Documentation
¶
Overview ¶
Package comb implements a parser combinator library. It provides a toolkit for developers to build reliable, fast, flexible, and easy-to-develop and maintain parsers for both textual and binary formats. It extensively uses the recent introduction of Generics in the Go programming language to offer flexibility in how combinators can be mixed and matched to produce the desired output while providing as much compile-time type safety as possible.
Index ¶
- Constants
- func Debugf(msg string, args ...interface{})
- func RunOnBytes[Output any](input []byte, parse Parser[Output]) (Output, error)
- func RunOnState[Output any](state State, parser *PreparedParser[Output]) (Output, error)
- func RunOnString[Output any](input string, parse Parser[Output]) (Output, error)
- func SetDebug(enable bool)
- func UnwrapErrors(err error) []error
- func ZeroOf[T any]() T
- type AnyParser
- type BranchParser
- type ConstState
- type Parser
- func LazyBranchParser[Output any](makeParser func() Parser[Output]) Parser[Output]

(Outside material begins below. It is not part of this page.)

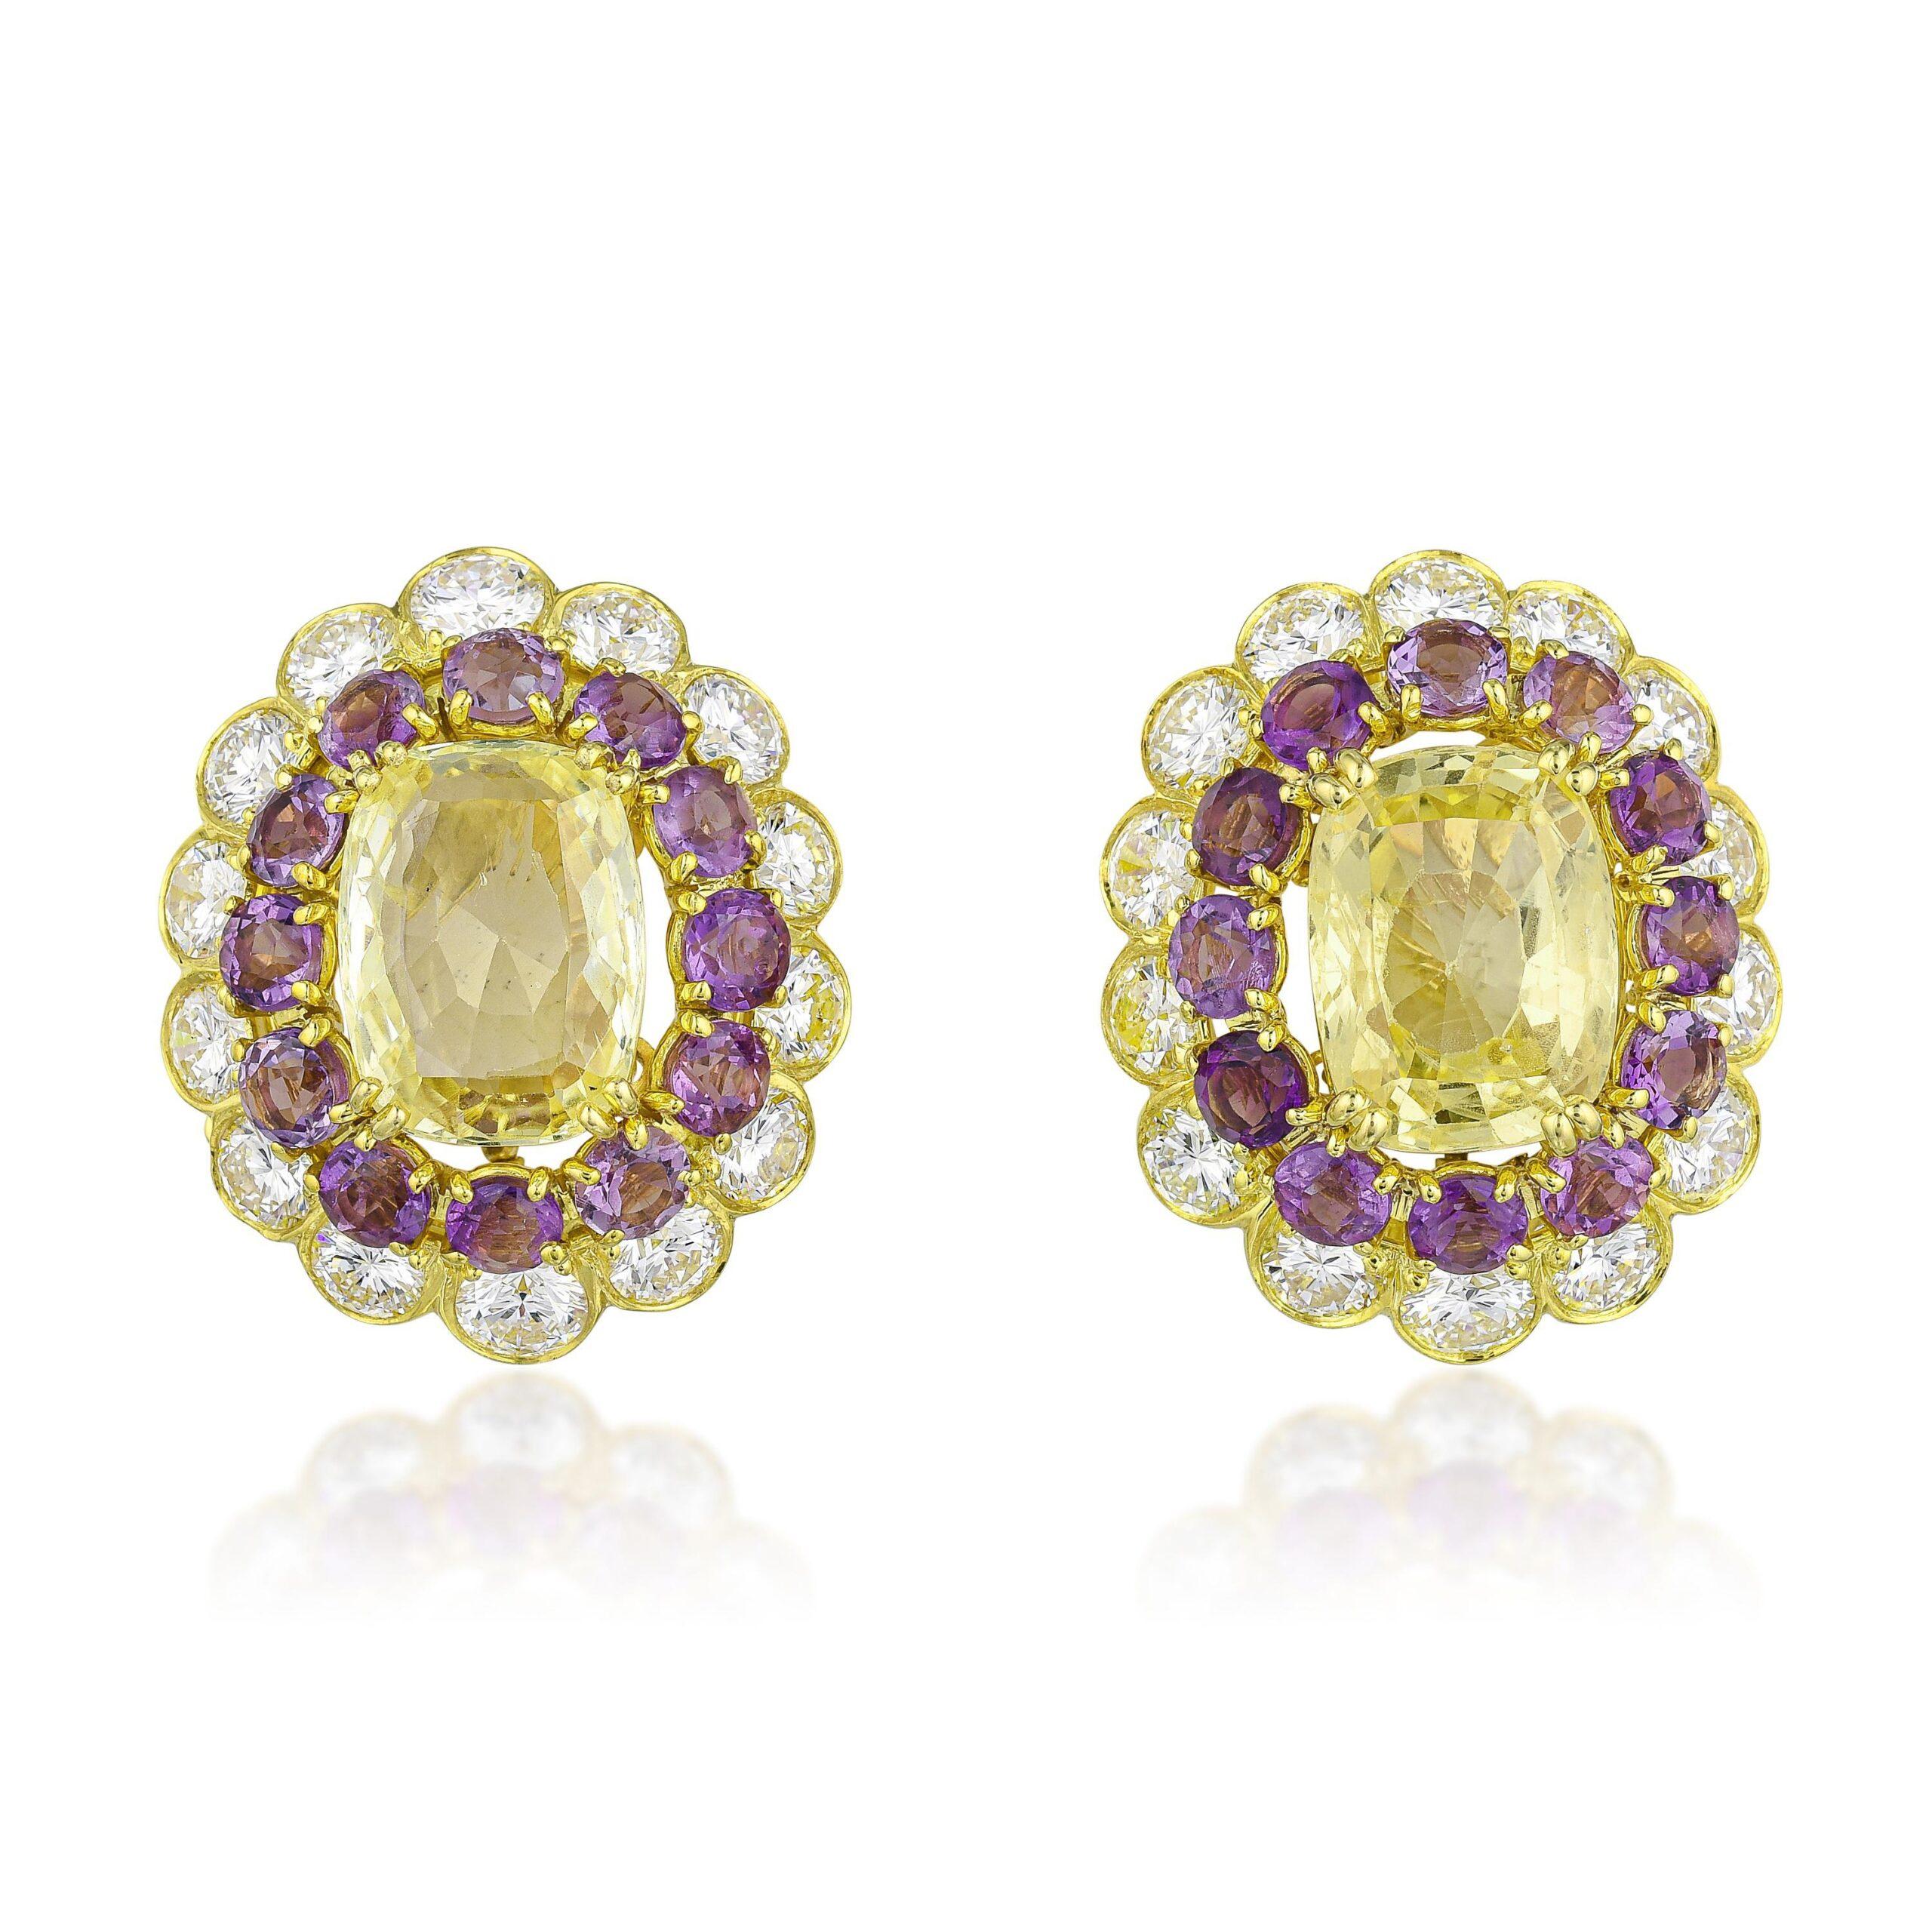 Van Cleef & Arpels Yellow Sapphire Amethyst and Diamond Earclips

- func NewBranchParser[Output any](expected string, children func() []AnyParser, ...) Parser[Output]
- func NewParser[Output any](expected string, parse func(State) (State, Output, *ParserError), ...) Parser[Output]
- func NewParserWithData[Output any](expected string, ...) Parser[Output]
- func SafeSpot[Output any](p Parser[Output]) Parser[Output]
- type ParserError
- type ParserIDs
- type PreparedParser
- type Recoverer
- type Separator
- type State
- func (st State) AtEnd() bool
- func (st State) ByteCount(remaining State) int
- func (st State) BytesRemaining() int
- func (st State) BytesTo(remaining State) []byte
- func (st State) CurrentBytes() []byte
- func (st State) CurrentPos() int
- func (st State) CurrentSourceLine() string
- func (st State) CurrentString() string
- func (st State) Delete1() State
- func (st State) Errors() error
- func (st State) GetFromCache(pID int32) interface{}
- func (st State) HasError() bool
- func (st State) MoveBackTo(pos int) State
- func (st State) MoveBy(countBytes int) State
- func (st State) MoveSafeSpot() State
- func (st State) Moved(other State) bool
- func (st State) NewSemanticError(msg string, args ...interface{}) *ParserError
- func (st State) NewSyntaxError(msg string, args ...interface{}) *ParserError
- func (st State) PutIntoCache(pID int32, value interface{})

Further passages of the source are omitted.